The major indexes finished last week in less than stellar shape to say the least. On a bright note, the NASDAQ and S&P 500 held above their 2/28 lows, so the current rally attempt remains intact, although the NASDAQ was the only major index that ended last week above its key 200-DMA.
Remember, for a follow-through day to occur, either the NASDAQ or S&P 500 must rise at least 1.7% on more volume than the previous session. However, it’s important to keep in mind that we must also see fundamentally sound, leading growth stocks begin to form constructive bases and break out on heavy volume. Otherwise, it is likely to fail. Also, if distribution appears within the first few days after a follow-through day occurs, its chances of failure rises greatly.

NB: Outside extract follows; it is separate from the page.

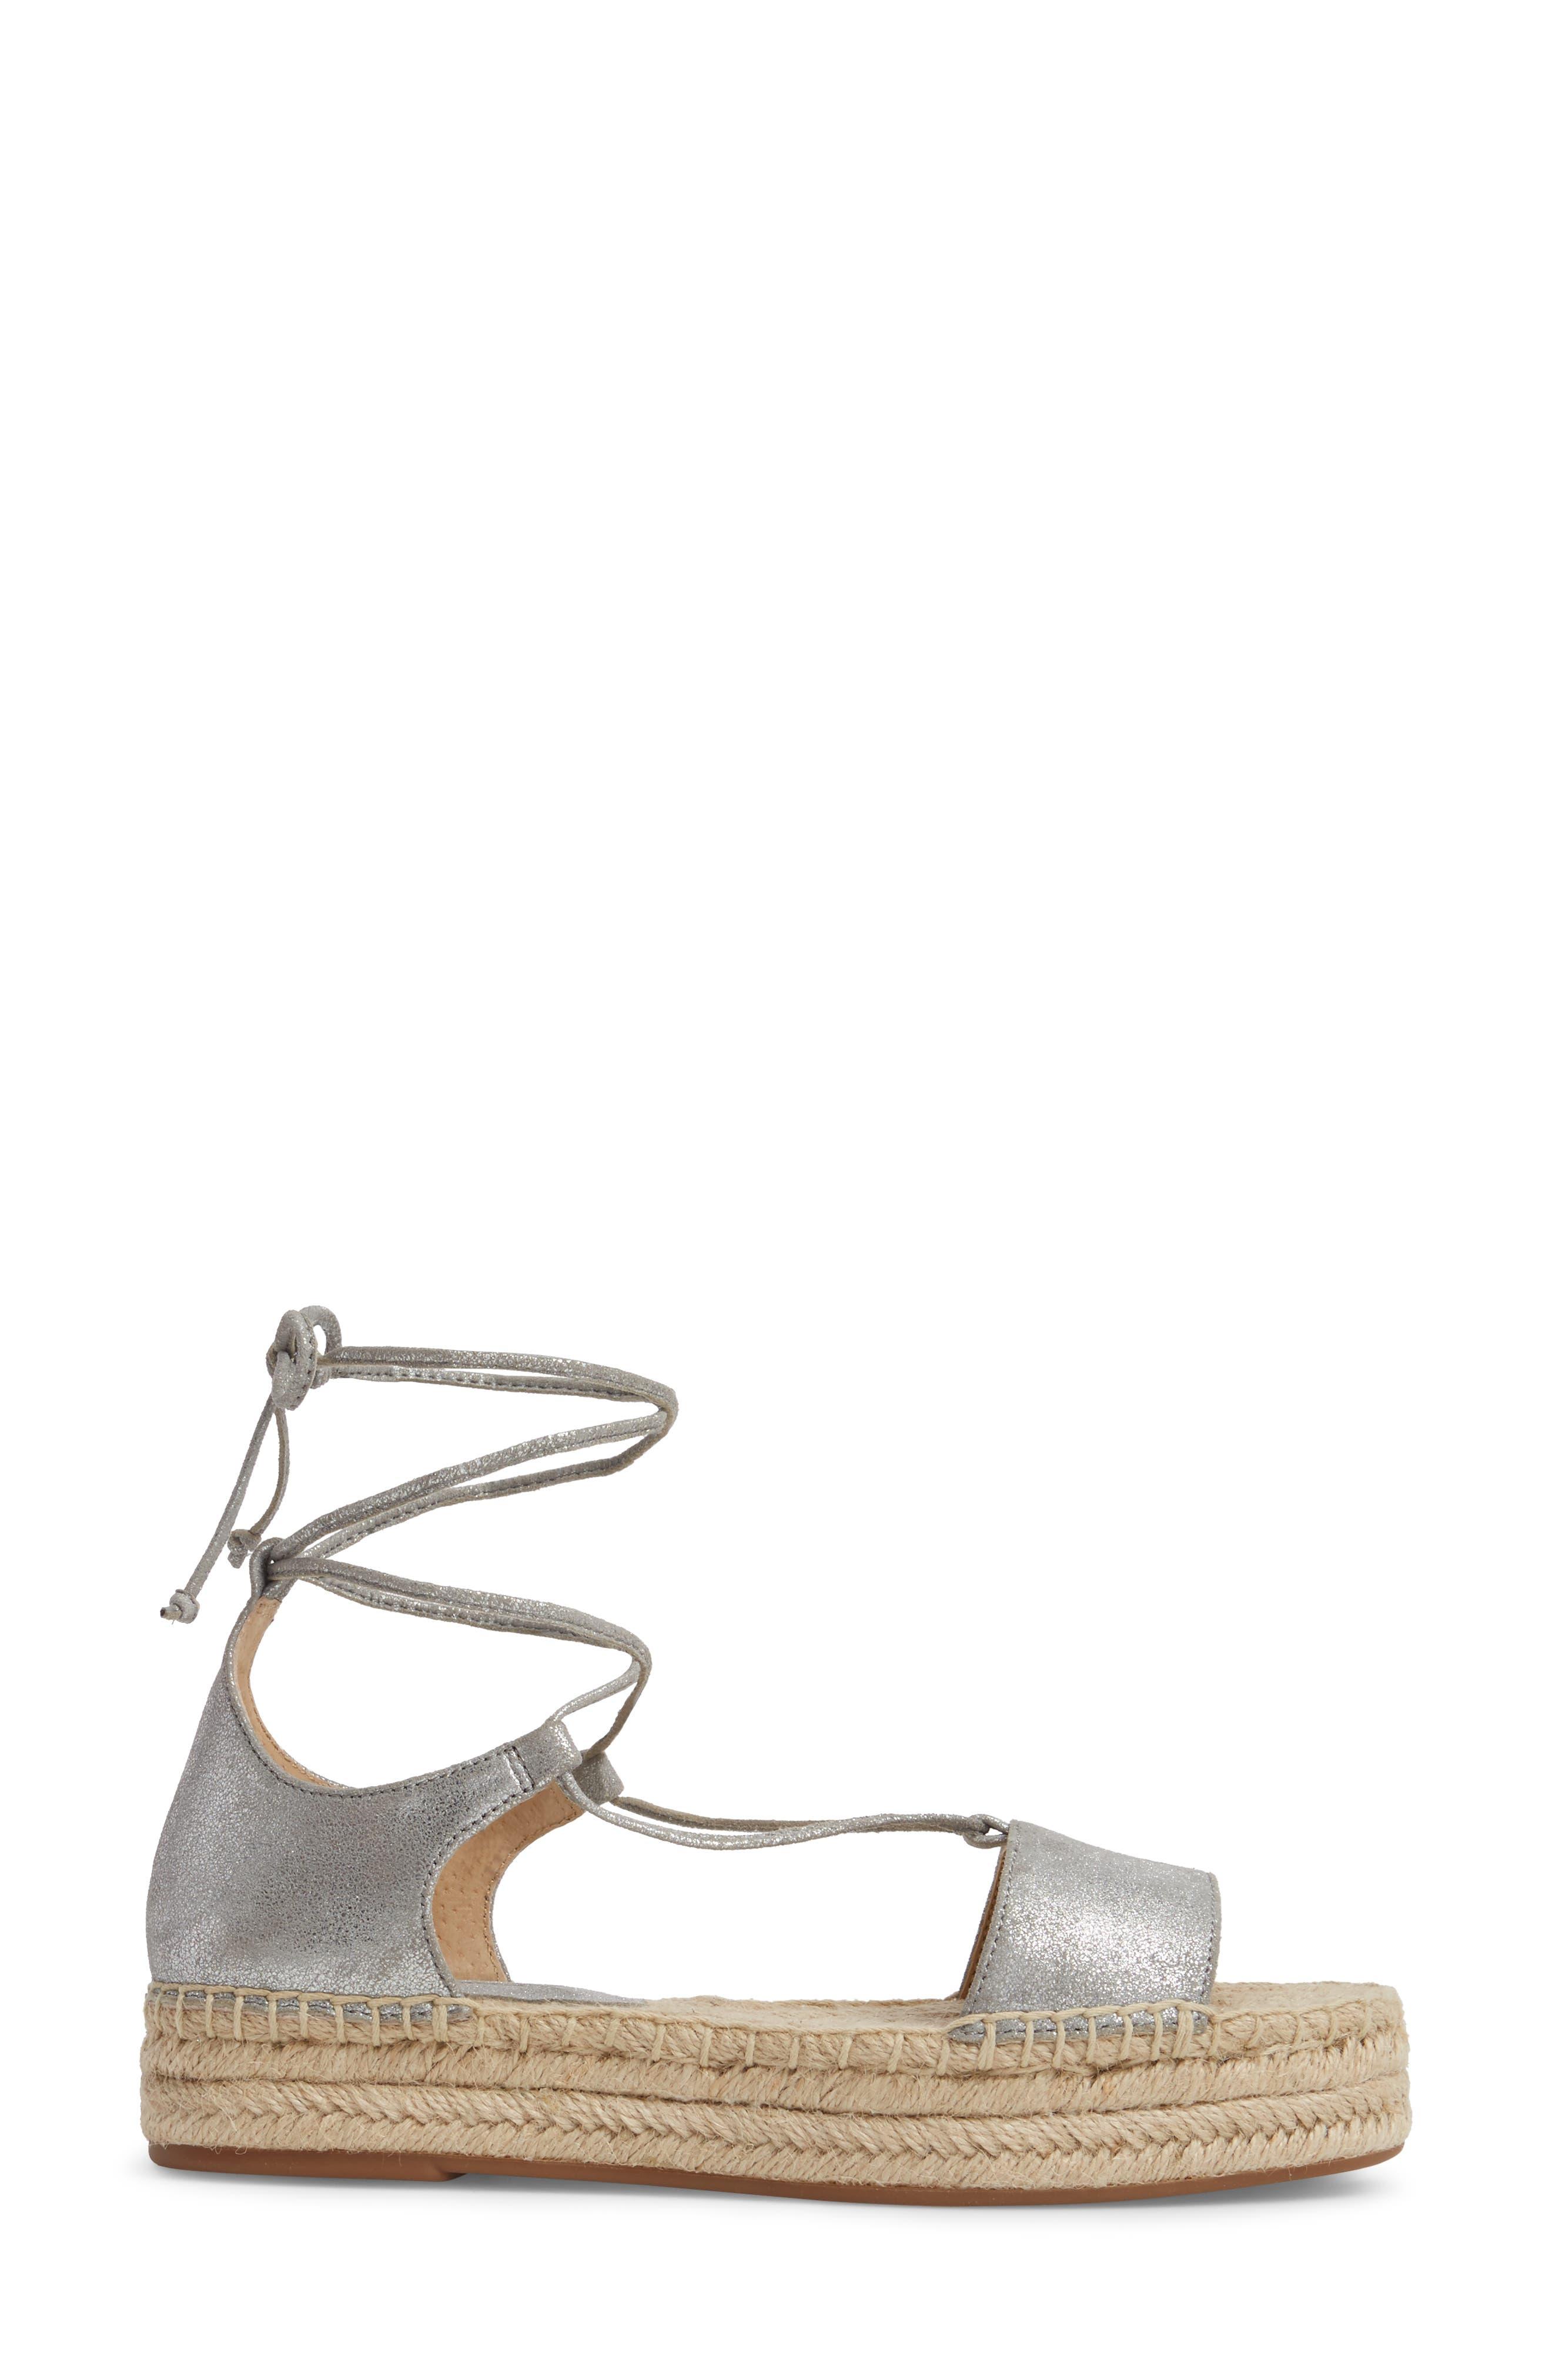 Fernanda Wraparound Platform Sandal,                             Alternate thumbnail 3, color,                             SILVER SUEDE

While there has never been a new bull market or major uptrend in history that wasn’t preceded by a follow-through day, not every follow-through day leads to a new bull market, and it will always be the action of the market’s leadership that ultimately determines its success.
Over the last couple weeks, many of the leaders that were trading in a tight and organized manner just a week and a half prior, have become whippy, wide and loose much like the major indexes. This is not constructive behavior and some time will be needed from here for things to shape back up and look healthy and constructive again.
On the other hand, it’s amazing to see how many high growth leaders have continued to hold up constructively, despite major weakness in the general market. It remains to be seen whether these stocks can stay strong, or if they are simply the last batch of leaders standing before the market rolls over to new lows and ultimately breaks these stocks as well.
Corrections in the general market are the breeding ground for the next round of opportunities. So, continue to pay close attention to how rotation takes shape and focus on the strongest names in the strongest groups, with the best fundamentals. The first of these stocks to break out as the market follows through are often the best performers and hence, the stocks want to be concentrated in.
Until the general market signals that a new uptrend has begun, cash is king. Avoid the temptation to trade out of FOMO or boredom. Put on a couple very small “feeler positions” if you must. Otherwise, sit on your hands until the probabilities are heavily back on your side.
The NASDAQ erased most of last weeks gains on Friday, although it found support at the confluence of the top of its prior base and its 200-DMA, bounced and closed well off its lows as volume expanded, which is a positive.
The small-cap Russell 2000 was the only major index to undercut its most recent low as it continued to clearly lag the other three indexes.
The S&P 500 erased most of last weeks gains on Friday, although it held well above its low from 2/28 and closed well off its low for the day as volume expanded, which is a positive.
The DOW wiped out most of last weeks gains on Friday and while it held its most recent low, rallied back toward the end of the session and closed near its high for the day it remains well below its long-term 200-DMA, which is not constructive.